A Home Office consultation document said yesterday: "National symbols and the national anthem are an important and integral feature of citizenship ceremonies in other countries such as Australia, Canada and New Zealand.

"Many people in the United Kingdom and many of those becoming citizens would expect to see the same here. The Government believes it would be right to agree that these elements should feature."

The Government also wants the ceremonies to forge immigrants' links with their new communities, possibly by including a local dignitary, such as a Lord Mayor. Local authorities are also being urged to present immigrants with a commemorative gift or photograph with the dignitary in order to provide "a lasting memory of this key life event".

Schoolchildren may be invited to perform a traditional song or dance at the ceremony, which would take place at the register office or town hall.

The new citizen will be expected to swear a pledge to "give my loyalty to the United Kingdom and respect its rights and freedoms. I will uphold its democratic values. I will observe its laws faithfully and fulfil my duties and obligations as a British citizen".

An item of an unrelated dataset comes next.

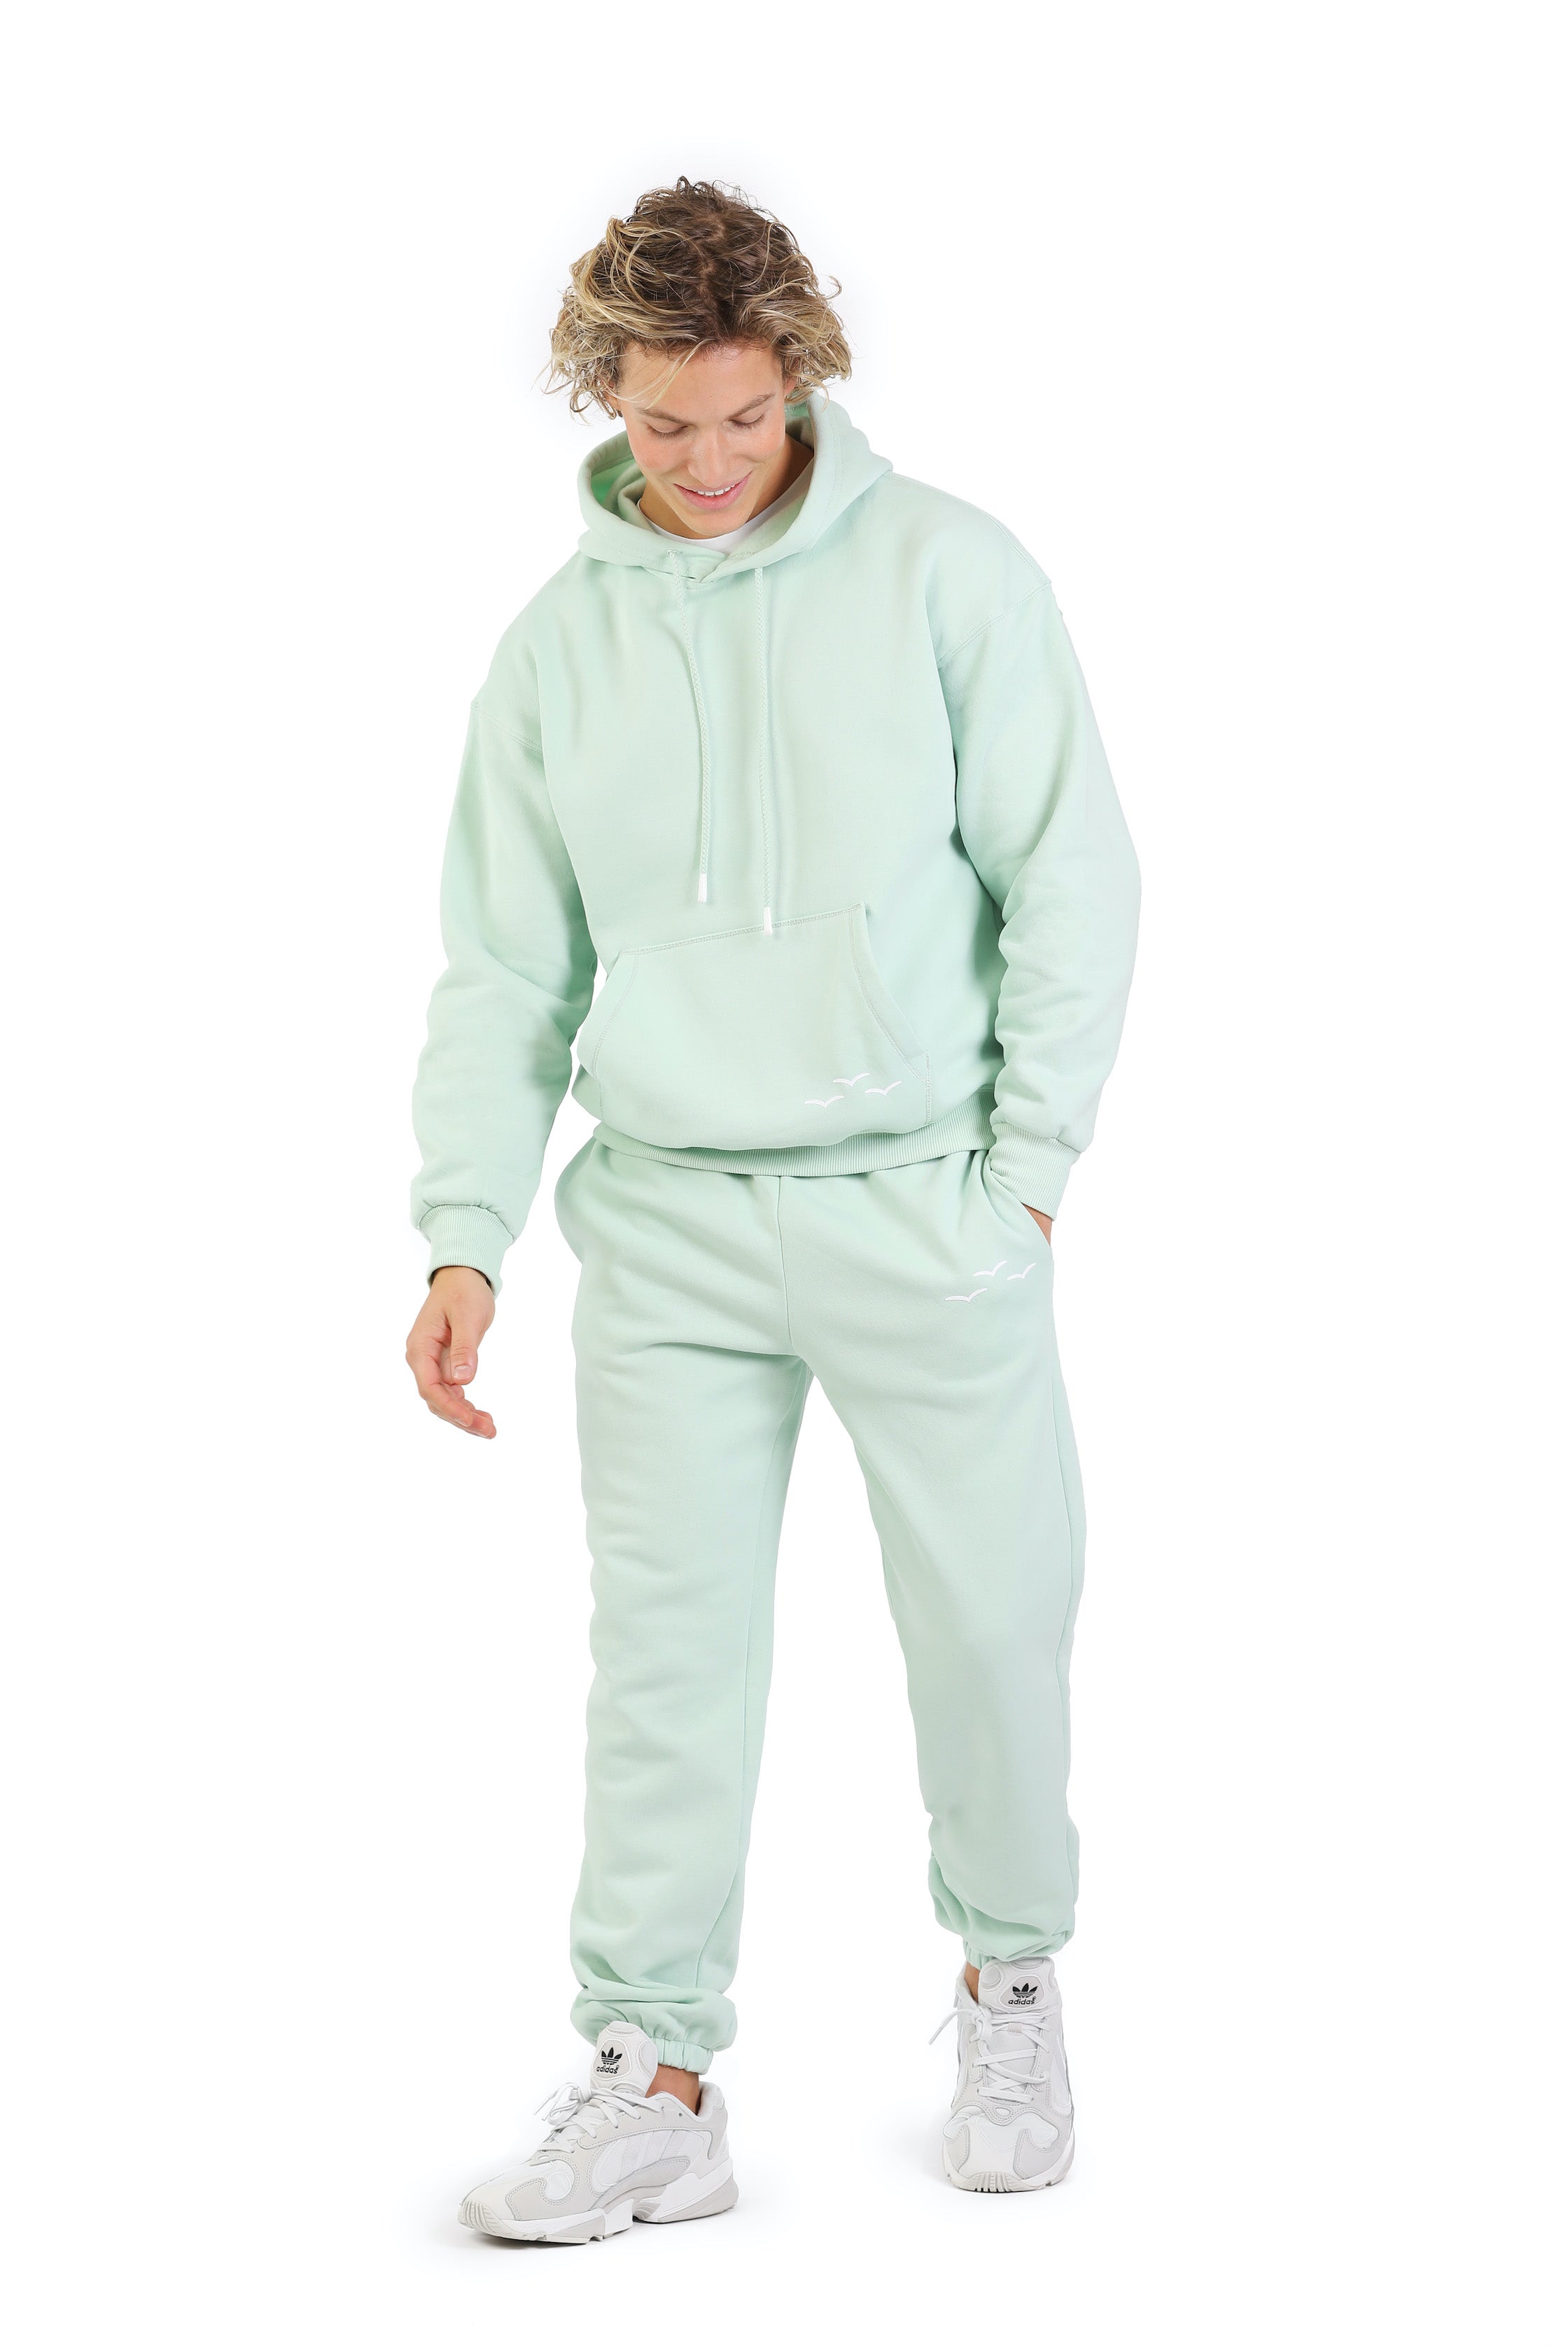 Men's sweatsuit set in Mint from Lazypants - always a great buy at a reasonable price.

Aspiring British nationals now apply for citizenship by post and make an oath of allegiance before a solicitor or justice of the peace before they are sent their naturalisation certificate.

The low-key process assumes that the applicant speaks English and does not expect the immigrant to display any knowledge of the country.

Last year's Nationality, Immigration and Asylum Act introduced a requirement that applicants for citizenship must have "sufficient knowledge of life in the UK". It also announced plans for them to attend citizenship ceremonies.

Beverley Hughes, the Immigration minister, said: "Becoming a British citizen should not be about obtaining a bit of paper and a passport. It is something to be celebrated, both by those who qualify and by the wider communities of which they are a part.

"Citizenship ceremonies will enable more focus to be placed on the fact that citizenship carries with it both rights and responsibilities."

The Government expects to introduce the new ceremonies by next April after pilot schemes are completed in eight areas. It will soon also publish detailed proposals for ensuring that applicants have a working knowledge of English and the national way of life.

The committee drawing up proposals for the "Britishness test" has suggested that it should not include culture and history, but instead should concentrate on practical information on benefits, housing and the National Health Service.